On the ROs, the ranch makes the work. 

“The geography, the topography, the landscape, is so unique and brings its own set of issues,” says Louis King, 66, who has worked cattle operations from New Mexico to Montana to Texas, New York state and even Australia. Louis lives at headquarters, where his wife, Cindy, cooks and maintains the Droppas’ residence. “The ranch is so big and rough, it can’t be fenced off in little quarter-section pastures. Our cattle aren’t wild, but they don’t see a lot of people, and when they do–especially big stuff, like 1-, 2-, 3-year-old mavericks that we’ve missed gathering–things get real interesting, real quick.” 

Case in point: The crew has gathered several canyons and draws, sending cows, calves and steers down to working pens and a trap around an earthen stock tank in a larger canyon. Jed draws up in the shade of a large juniper, letting his horse catch air. CRA-A-ACK! A massive 3- or 4-year-old black steer crashes through the brush, snapping branches, breaking limbs and carving a path for an older black baldy cow close behind, looking to get back to where he had escaped gathering for the past two or three years. 
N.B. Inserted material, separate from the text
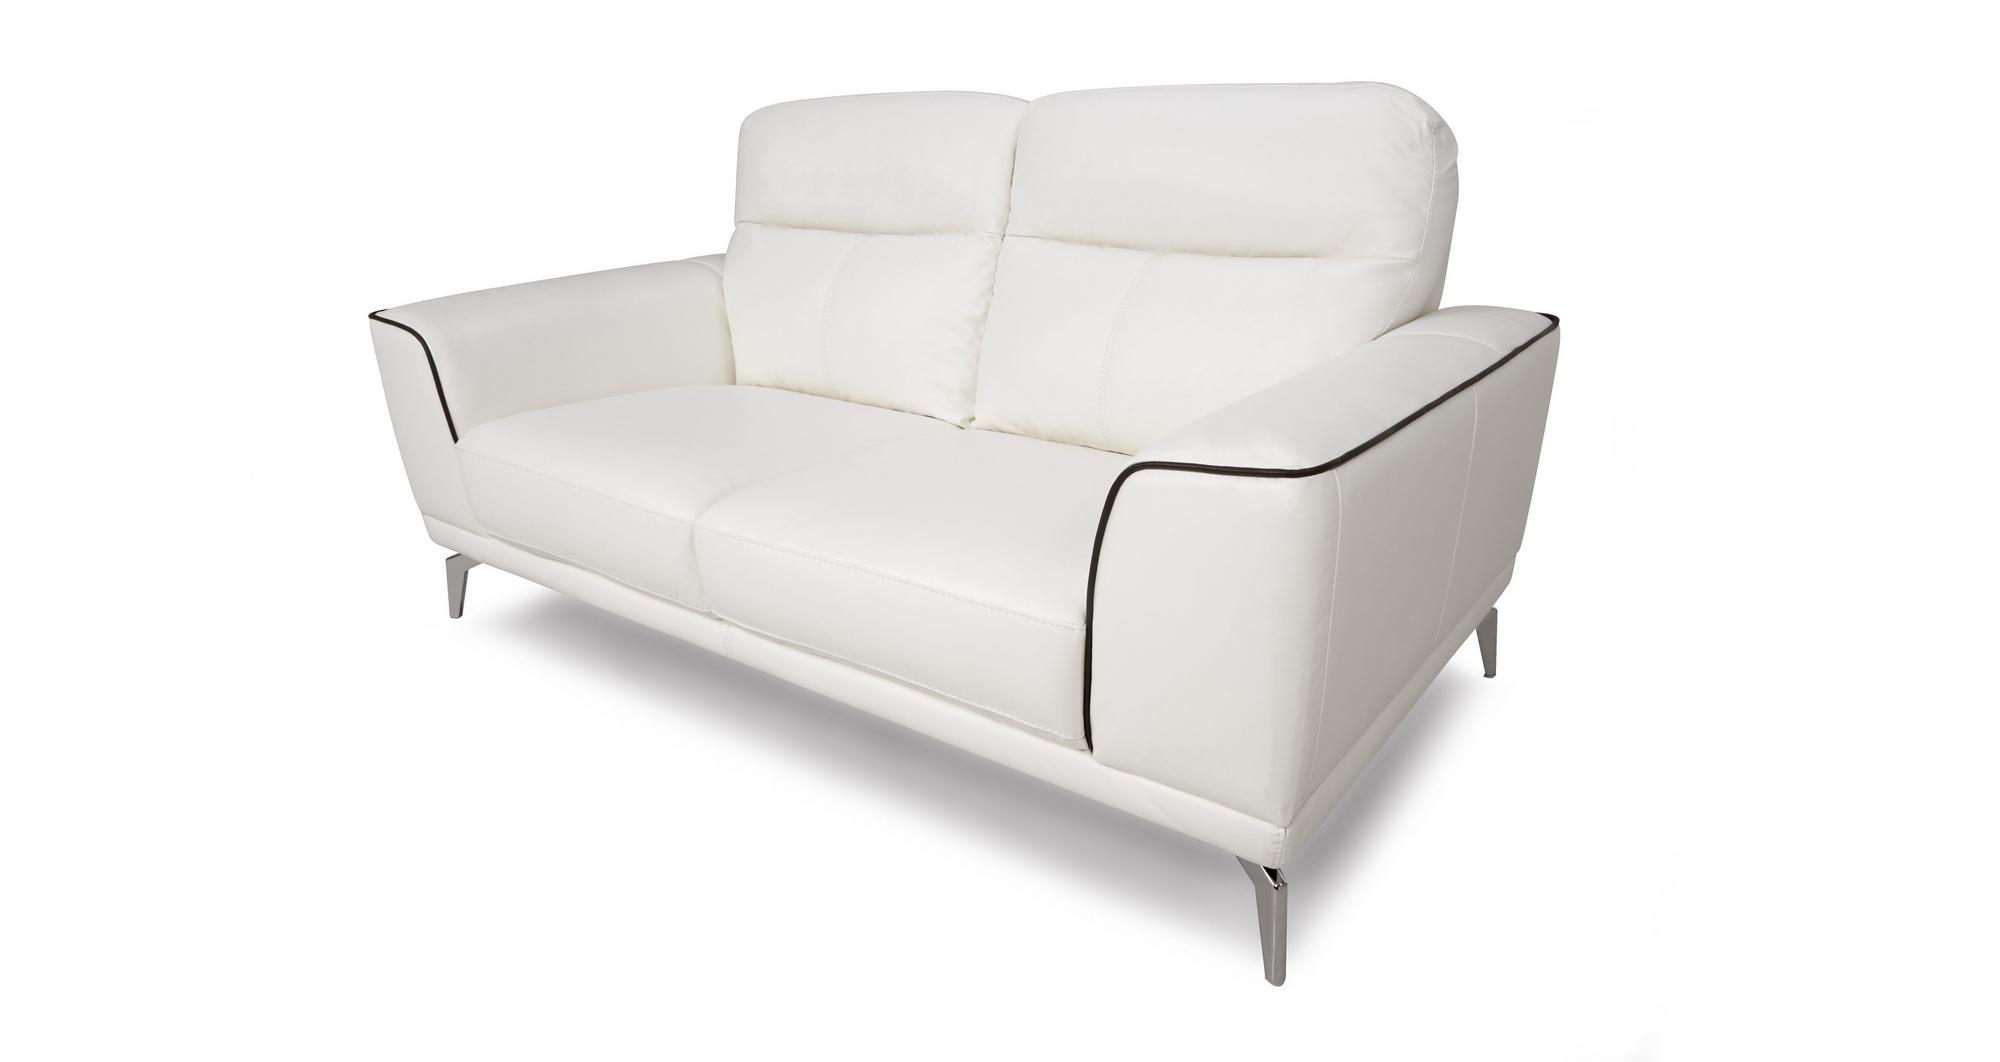 Dfs Denver Snow White Leather 2 Seater Sofa Ebay

Spurring his horse, Jed drives the steer into a clearing large enough to swing a loop. Roping him clear around the horns, Jed and his horse evade the wrath of an angry wild beast on the fight for the seconds it takes for Levi Sanders to swoop in and double-hock the steer. The men lay him down and tie his right front leg to his left rear, so he can stand up but will still be there when they come back for him later that day. 

Those are the kind of hands that work the O RO. Those are the kind of horses that make it possible for them to do their work, the kind of gritty, tough, seasoned and solid ranch horses that, when you throw a leg across one, you know you are mounted, ready–come what may–for another day at the office.